According to Miriam Gomes, head of the Cape Verdean Mutual Aid Society of Dock Sud, a district near the port of Buenos Aires, the recent influx of African immigrants, since the 1990s, has had the effect of holding up a mirror for the descendants of earlier arrivals to see themselves, an experience they had been denied for centuries.
That is why, lately, the score or so of Afro-descendants' organisations in Argentina, in Buenos Aires and in the country's provincial cities, are trying to emerge from the shadows and proclaim their cultural values, or rediscover them if they have lost all contact with their roots.
"Some people look shocked when we tell them that their kinky hair might mean they have black ancestors," Victoria Díaz of the Cape Verdean Society told IPS. She said that some time ago, a blond white man who had information about a possible African ancestor was surprised when this was confirmed.
The organisations are also trying to shed light on African contributions to typical expressions of national culture, including traditional dances like the tango, the milonga, or the chacarera, as well as candombe. There are also African influences in literature, cuisine, religion and the language.
"In Argentina, the word 'quilombo' means a complete mess, something disorganised or poorly put together, but for us the Quilombo of Palmares is our pride and joy," said Bonga, referring to a settlement of former slaves who escaped from Brazilian plantations during Portuguese colonial rule.
As part of their bid for heightened recognition, the communities held the first "Black Argentina" Festival in Buenos Aires in late May, with performances by music and dance groups, a display of musical instruments, and tables with information about the different Afro-descendants' organisations in the country.

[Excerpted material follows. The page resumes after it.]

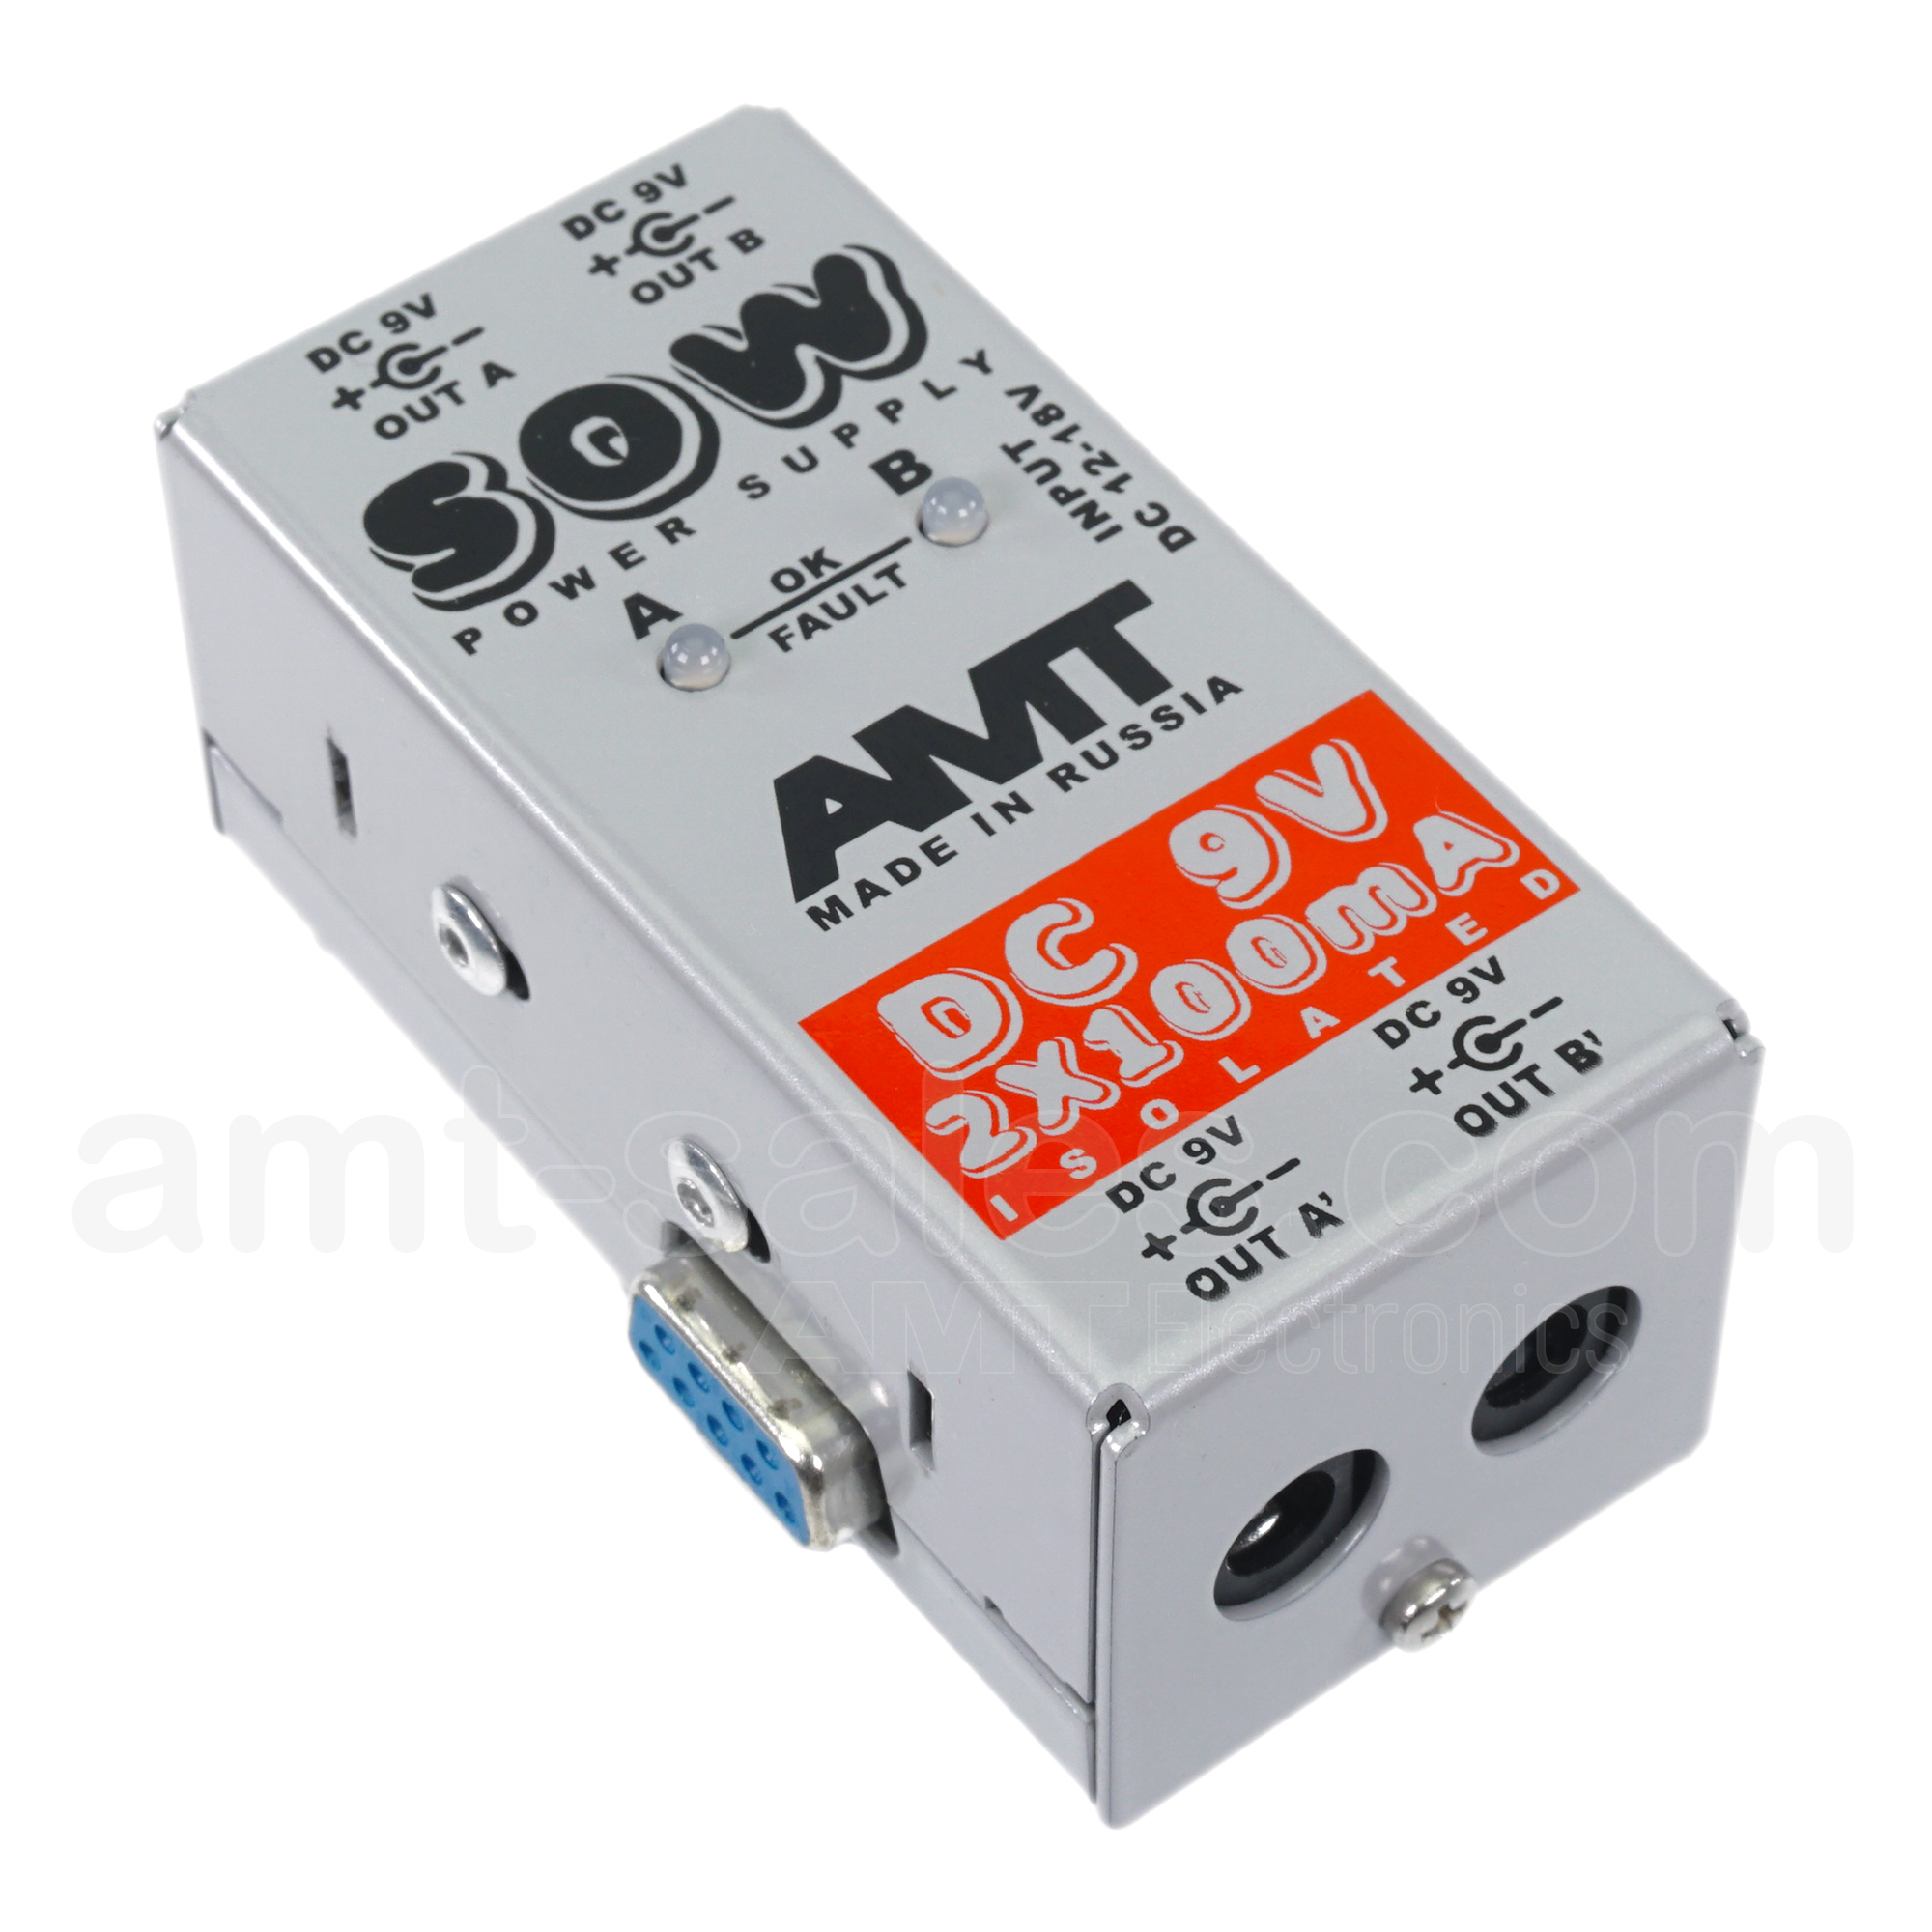 AMT SOW PS-2 DC-9V 2x100mA - power supply module

Gómes is in charge of a project titled "Support for the Afro-Argentine Population and Its Grassroots Organisations", aimed at making their work more visible. The project's goal is to foster unity among the descendants of enslaved Africans and Cape Verdeans who arrived in the late 19th century, and recent black immigrants from Africa, Brazil, Uruguay, Peru and the Caribbean.
These communities are not represented in the media or the educational system, Bonga said. "We only appear in school plays as vendors of candles and pastries," she complained, about celebrations of the country's independence in which black people are portrayed only in the servant roles forced on them in colonial society.